Understanding the reasons for the lower use of specialty units among older patients is important. Psychiatric hospitals reputedly do not view elderly patients as central to their practice (
2), and Medicare limits lifetime coverage of psychiatric hospital care to 190 days. Unsurprisingly, therefore, 81 percent of elderly Medicare beneficiaries hospitalized for psychiatric disorders are treated in general hospitals (
6). It has been argued that psychiatric specialty units are well suited for treating the mental and medical illness of elderly patients (
9,
10), which suggests that they have a potentially important role to play in providing high-quality psychiatric care for the aged. However, to realize this potential, units may need either better integration of medical care or better provider education, depending on the reasons for the apparent barrier to access for elderly patients.

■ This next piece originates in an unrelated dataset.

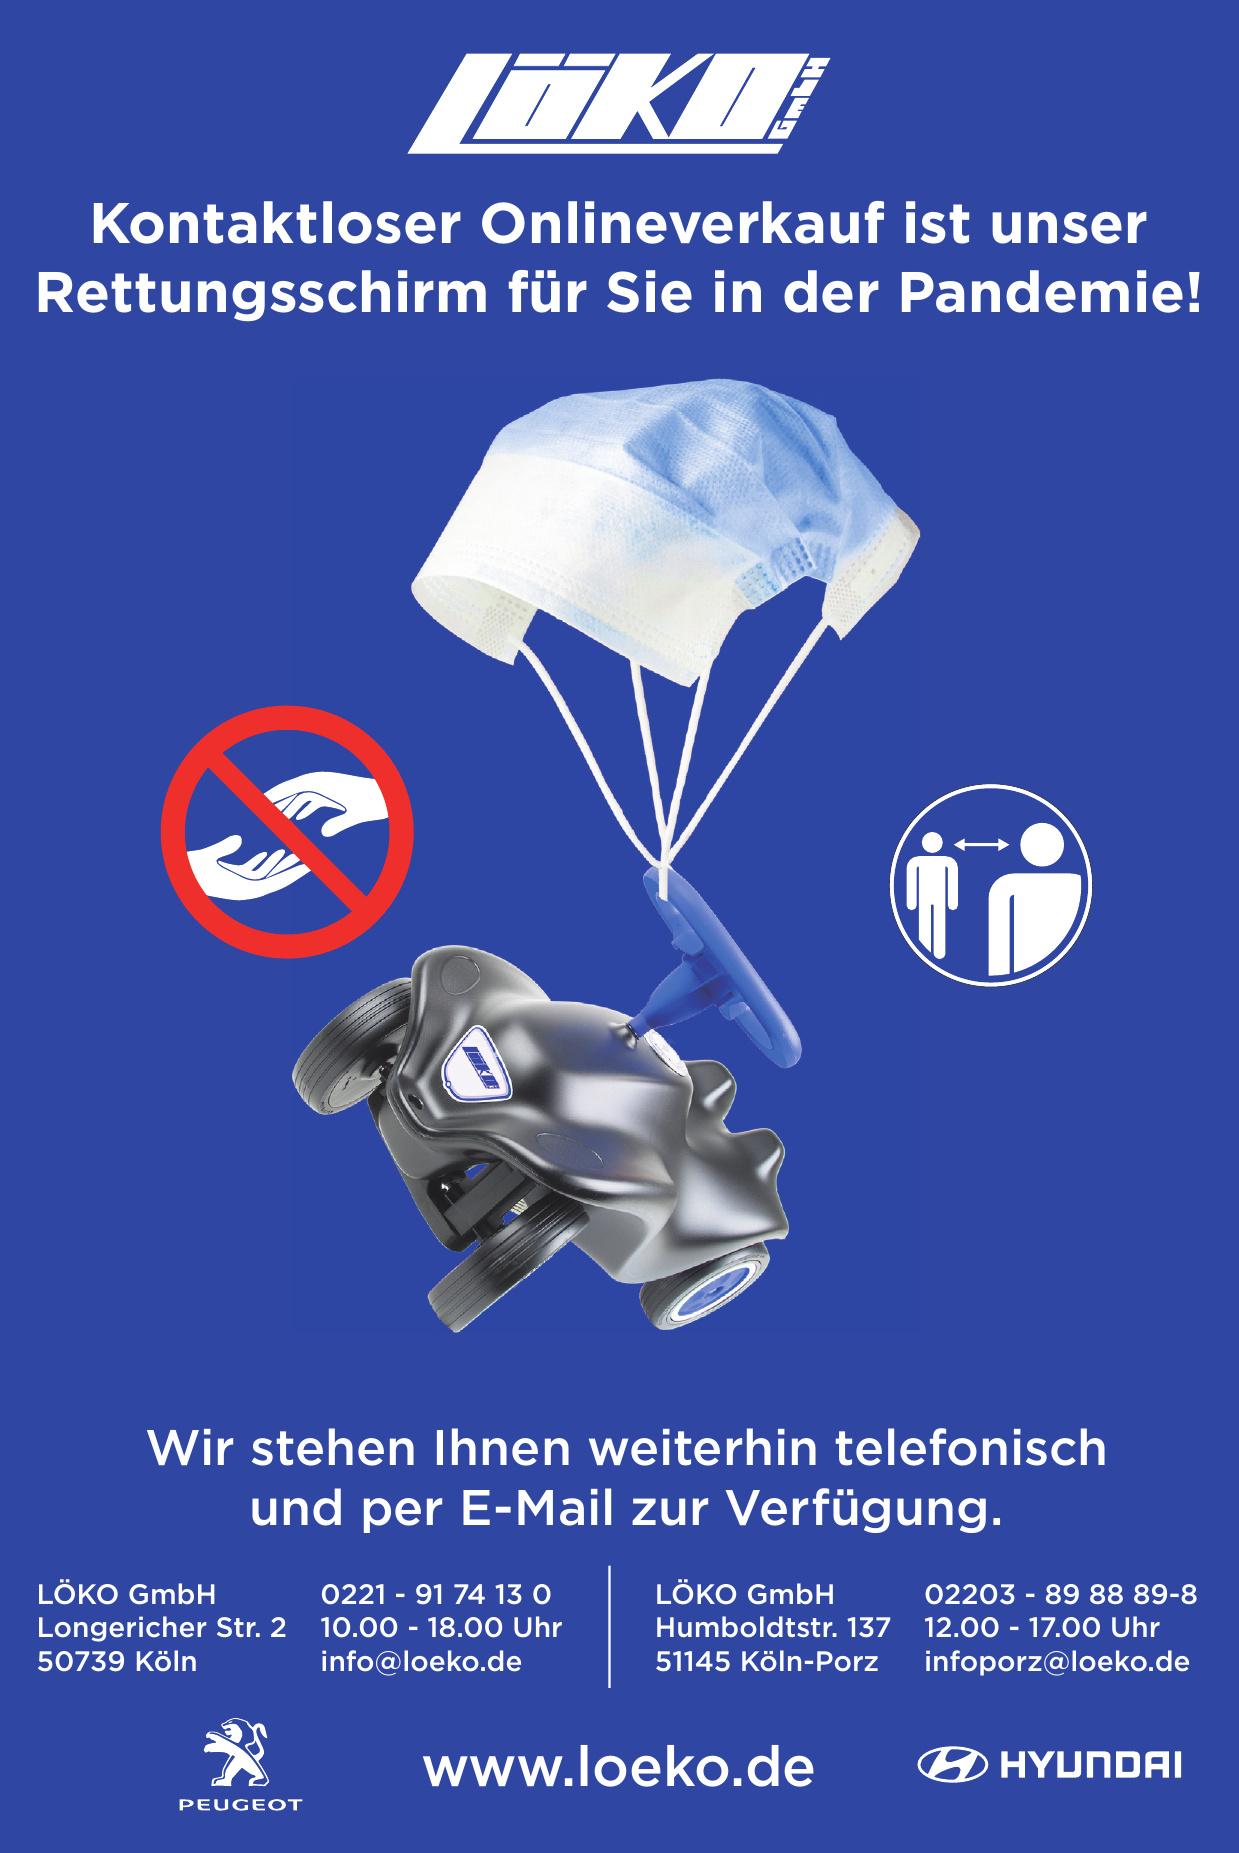 Löko GmbH

The analysis presented here is subject to certain limitations. It was not possible to distinguish between different types of general hospital beds, to examine transfers or the roles played by patient versus provider preferences, or to assess the hospital's motivations in its triage process. Furthermore, the data are from a period preceding the explosion in managed care. Although only 13.5 percent of Medicare beneficiaries are enrolled in health maintenance organizations, the rise in managed care and other trends such as public psychiatric hospital closings may have increased the predominance of psychiatric units over psychiatric hospitals because of their shorter lengths of stay and lower costs (
6). More recent data probably would show more admissions to psychiatric units and greater severity of illness among patients admitted to psychiatric units as the setting of care for persons with severe mental illness shifts away from psychiatric hospitals.